ただ、ここで気になるのが先程の「越後新発田藩藩主の御落胤」という噂。これが何処から出てきたのだろうか?発見者の名主石井伝右衛門はじめ村人、近在の村々も含めて、さらに後の創作だとしても到底百姓の発想ではありません。御武家の娘さんという想像は出来ても越後の新発田藩、しかも藩主の落し種などというのは百姓の頭の外にあるというものです。僕はこの噂の出どころが赤山役所ではないかと思っています。当時新発田藩では「清涼院様一件」という藩を揺るがす騒動がありました。清涼院という藩主の祖母が寵臣を使って藩政を壟断し、重臣たちとの対立で危機的状況に陥っており、ついには老中松平信明が仲裁に入り清涼院の寵臣相葉七右衛門を罷免して決着しました。これが前年寛政元年(1789年)4月の事です。下は新発田藩溝口家の家紋。

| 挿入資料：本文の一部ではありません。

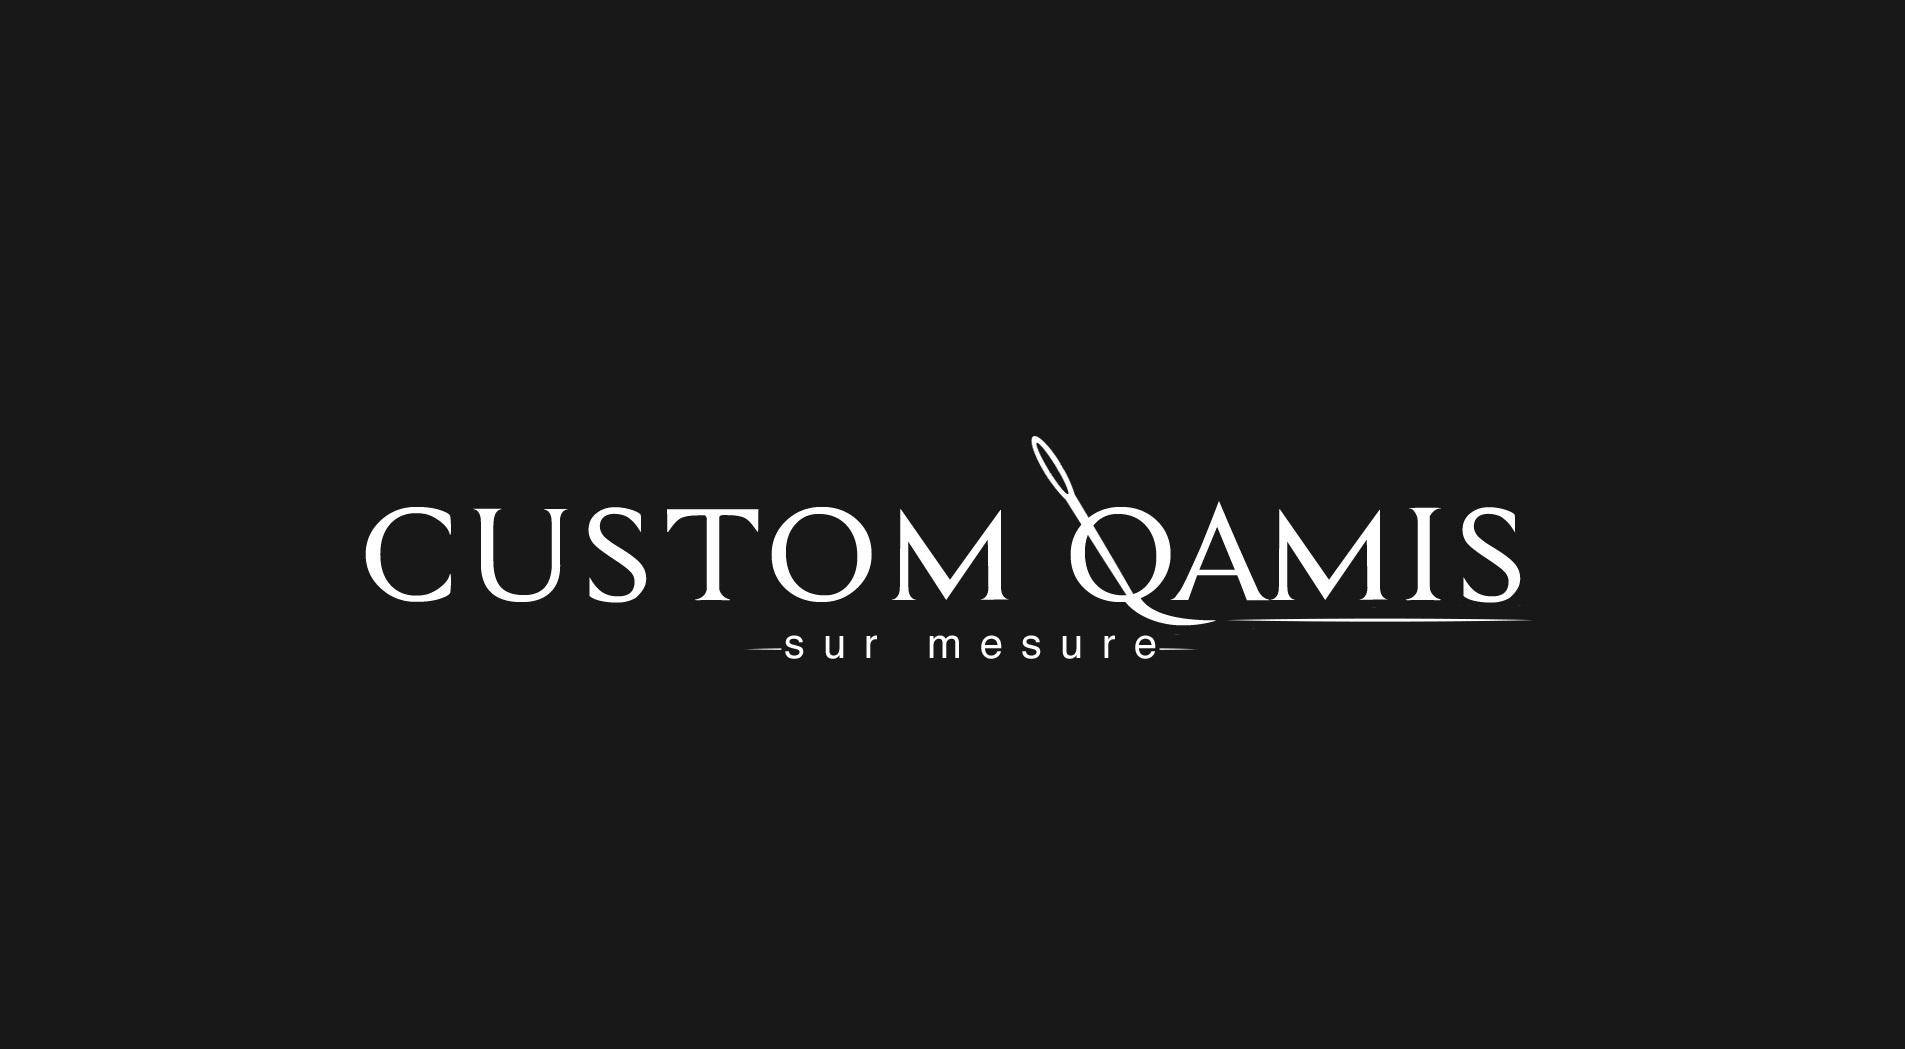 Custom Qamis, sur mesure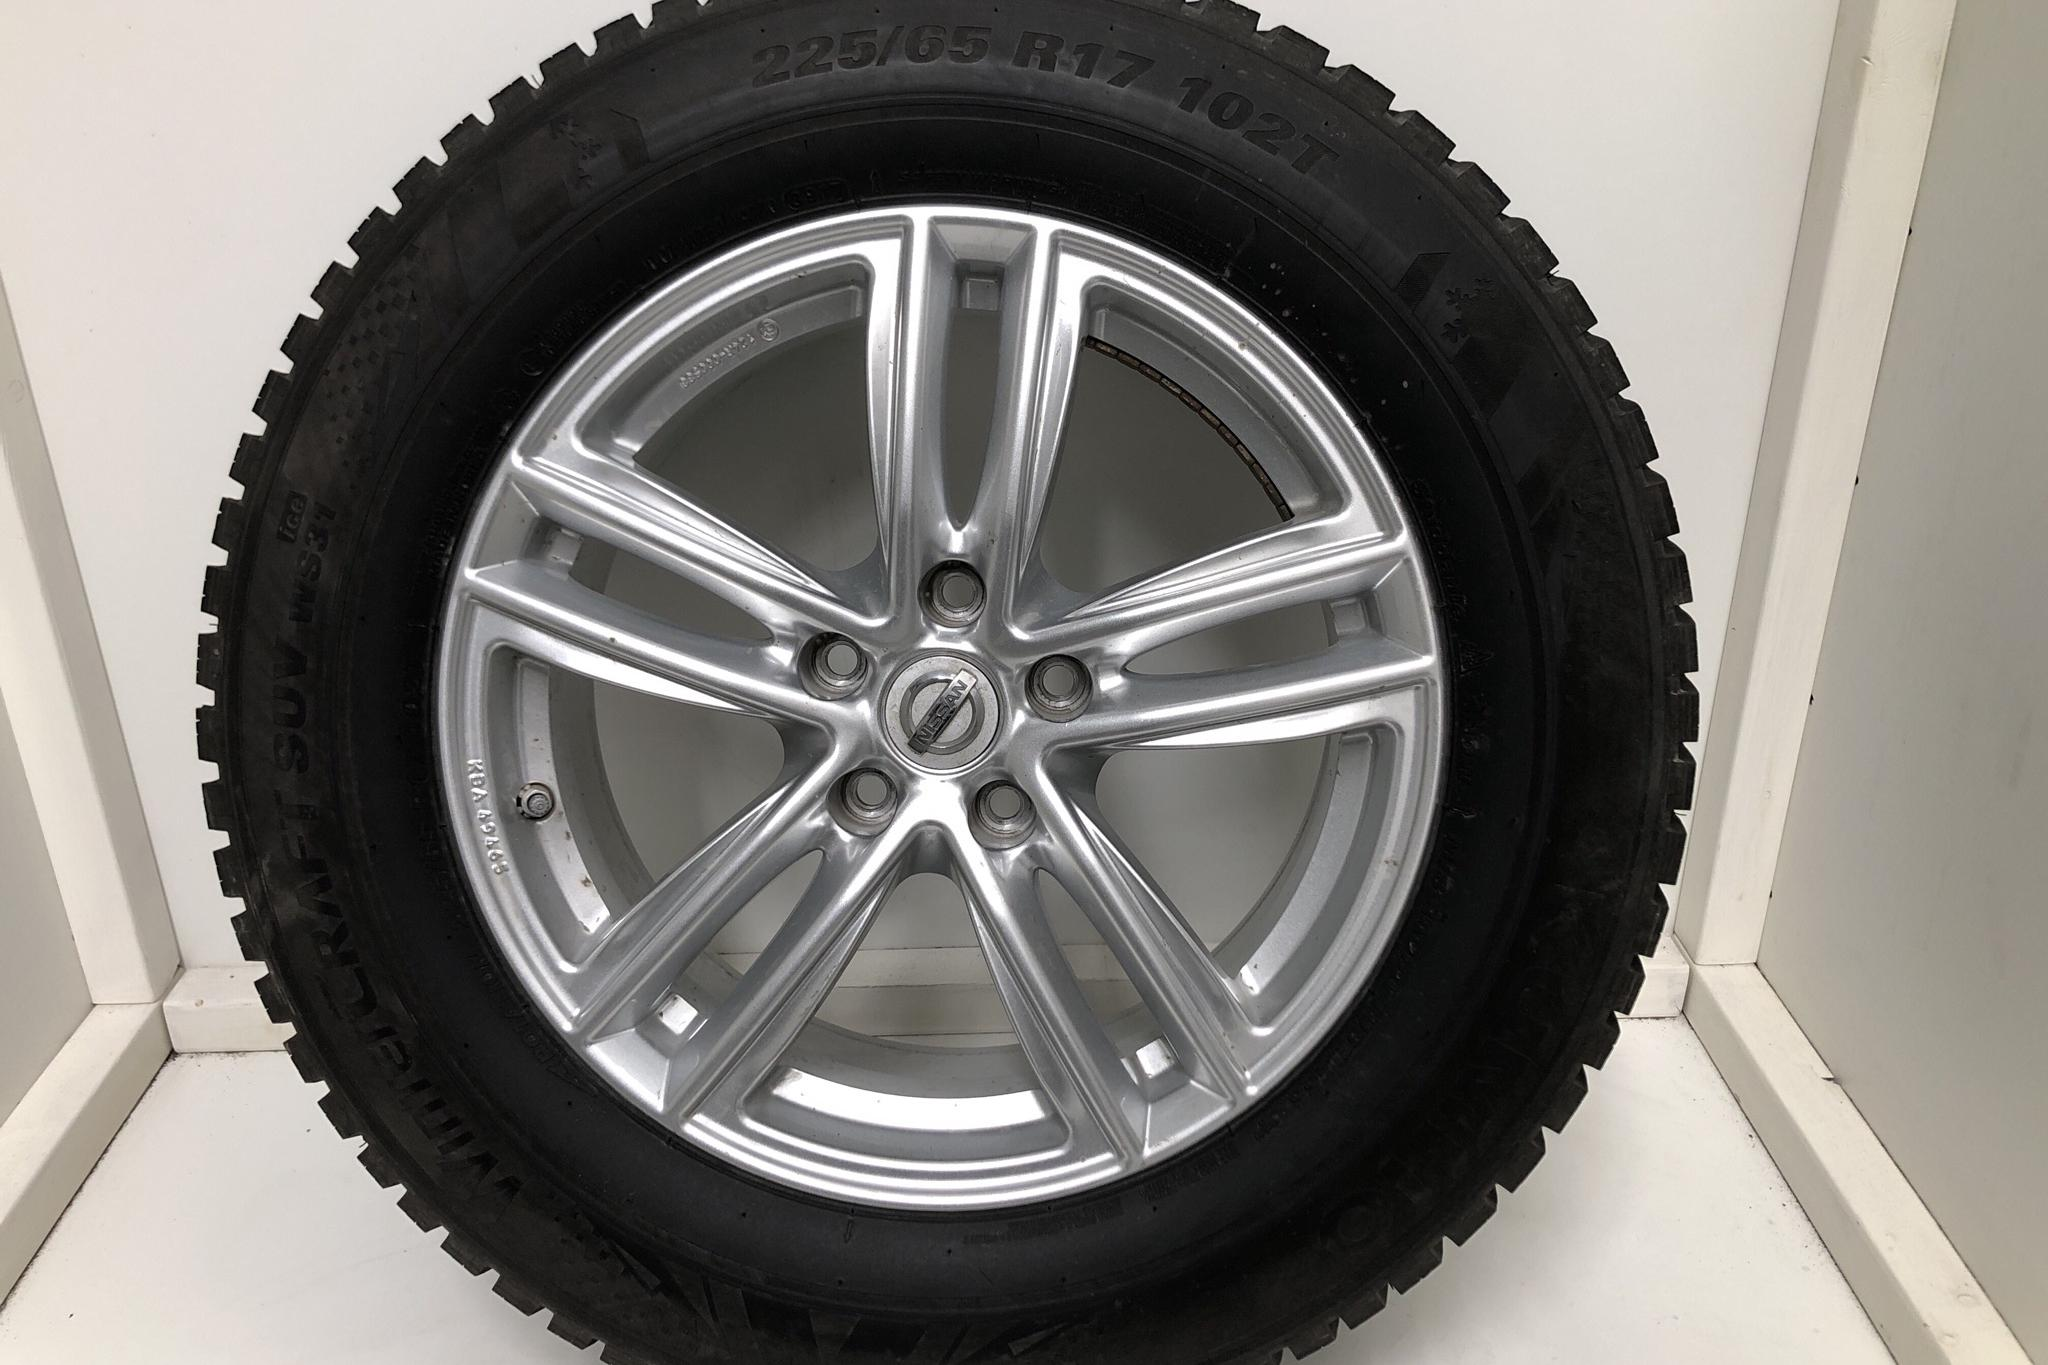 Nissan X-trail 1.6 dCi 2WD (130hk) - 4 484 mil - Automat - vit - 2017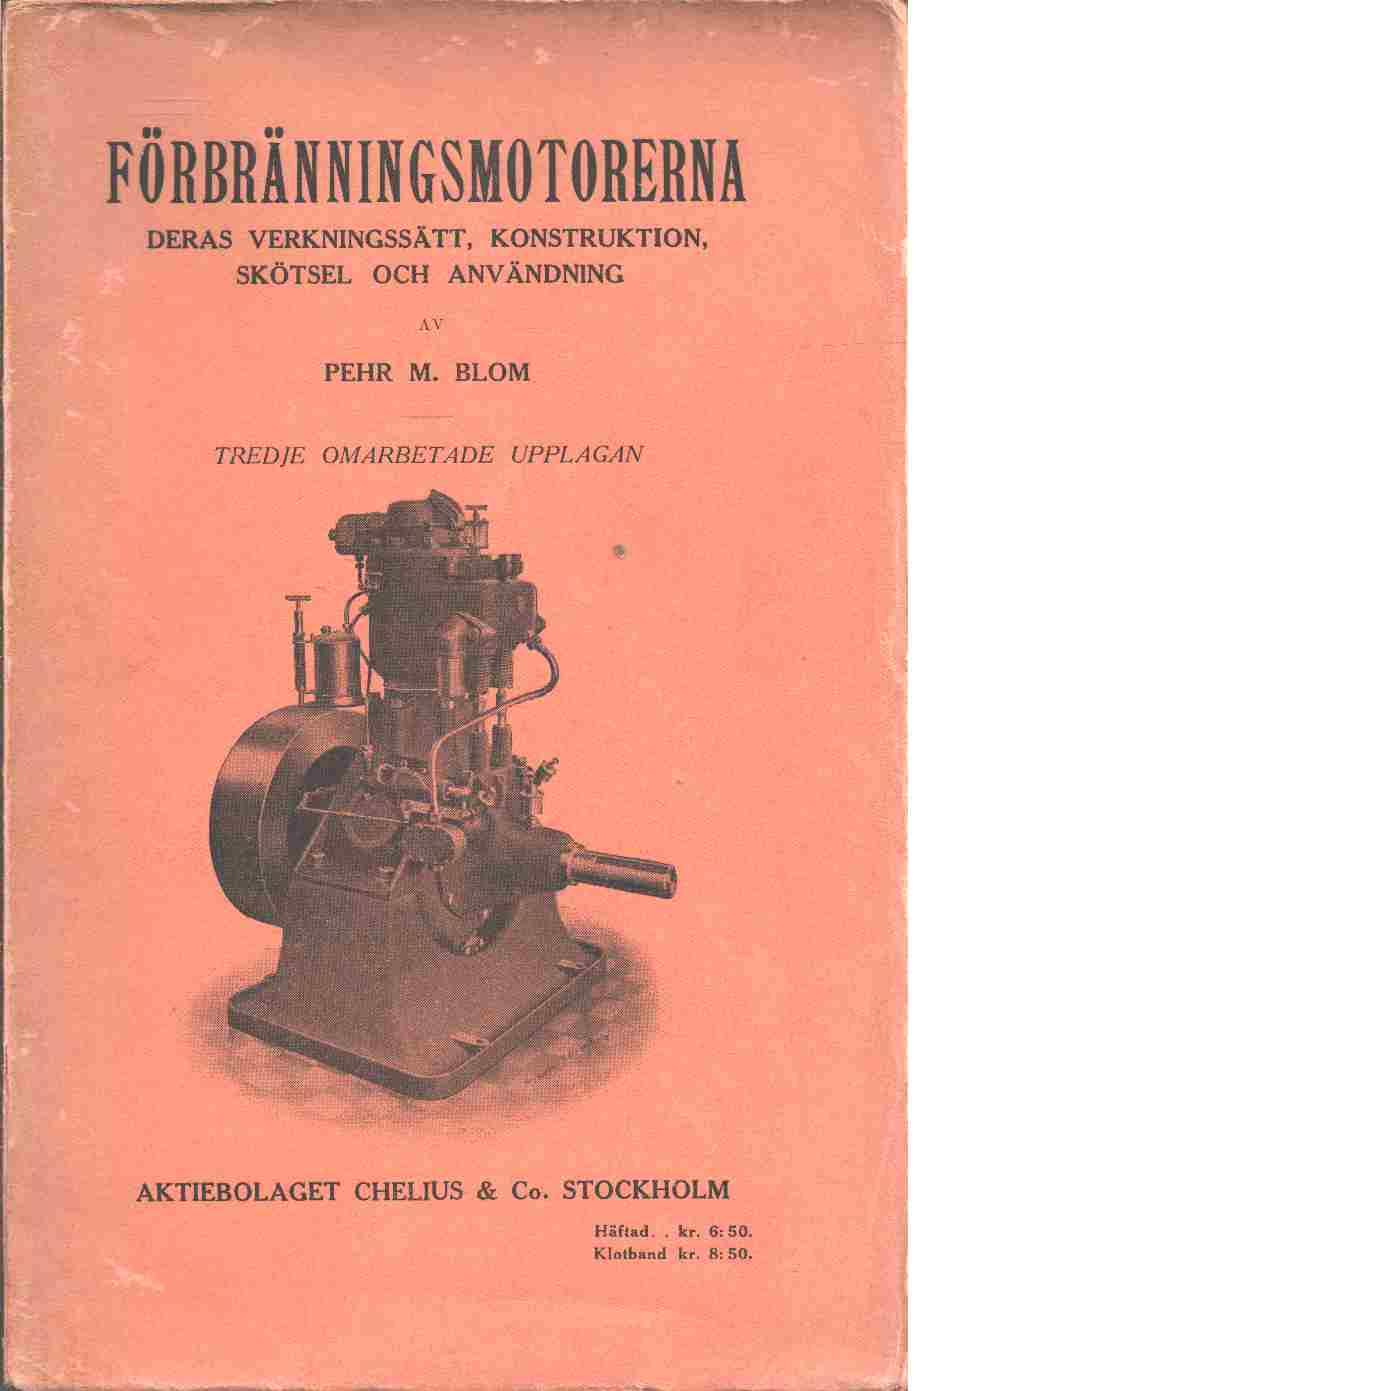 Förbränningsmotorerna, deras verkningssätt, konstruktion, skötsel och användning. - Blom, Pehr M.

このようなお家騒動が伊奈家の耳に入り、家臣手代の誰かが、あるいはそんなこと(御落胤)があるやも知れぬ。と地元民に漏らしたのではないか?と思います。じつは新発田藩の下屋敷は本所菊川町にあり、関東郡代管理の本所牢屋敷がすぐそばにありました。元々本所深川は伊奈家の庭のようなところなので、そういう極秘情報も耳に入ったかもしれません。また、これが有力なのですが、伊奈家で代々家老や重職を務めた大河内一族は清涼院の実家である大河内松平家とは遠い親戚にあたります。また、大河内宗家の秀綱、久綱はともに初代伊奈忠次の配下でした。(秀綱は久綱、正綱の父。正綱は大河内松平家の初代。久綱の次男信綱は伯父の正綱の養子になり松平伊豆守信綱と名乗り川越藩主となり老中を勤めた。清涼院はこの信綱の系になる。)このように伊奈家重臣の大河内家、また伊奈家と清涼院の実家とは近い関係にあったので、この騒動の事も聞き及んでいたかも知れません。伊奈家自体が同時期に深刻なお家騒動の渦中にいたので、このなりゆきに関心が強かったという想像もできます。実際に新発田藩藩主溝口直候に18,9歳の御落胤あったとは年齢から考えにくく、たまたま伊奈家家中で話題になっていた新発田藩の騒動の事が赤山領下の百姓に伝わりそれがお女郎と結びついたのではないかと考えます。まあ考えすぎだと思いますが。いずれにしても新発田藩の件は当時もその後も村人たちからの発想とは考えにくく、赤山役所の人たちが関っているように思うのです。彼らは実際に町奉行や新発田藩などに問い合わせたのかもしれませんね。
同行者
しかしそれでも娘を殺しておいた方がより身の安全をはかられたのではないでしょうか?もしかしたら殺さなかったではなく、殺せなかったかもしれません。そこで先程のこの同行者が何者であるかに戻りますが、娘が女郎で、情夫の手引きで遊郭を足抜けしたとしたら、娘がこのような体になっても娘のもとから離れることはないでしょう。足抜けが失敗すれば手引きした者は確実に殺されるので、愛する女郎と命がけで脱走して、それがこういう結果になればその男も生きてはいないでしょう。少なくともこういう扱いはしない。だから娘が女郎で、足抜けしてきたというのはないと思います。次に女を売り買いする女衒ですが、元々が悪徳業者なので、商品である女が旅の途中に瀕死になれば、商品としての価値なしとして殺すことにためらいはないと思います。ただ、女衒ならばこうした事態になる前に宿に泊まったり、医者を呼んだりしたはずです。大事な商品なので一応は娘の安全や治療を優先したと思います。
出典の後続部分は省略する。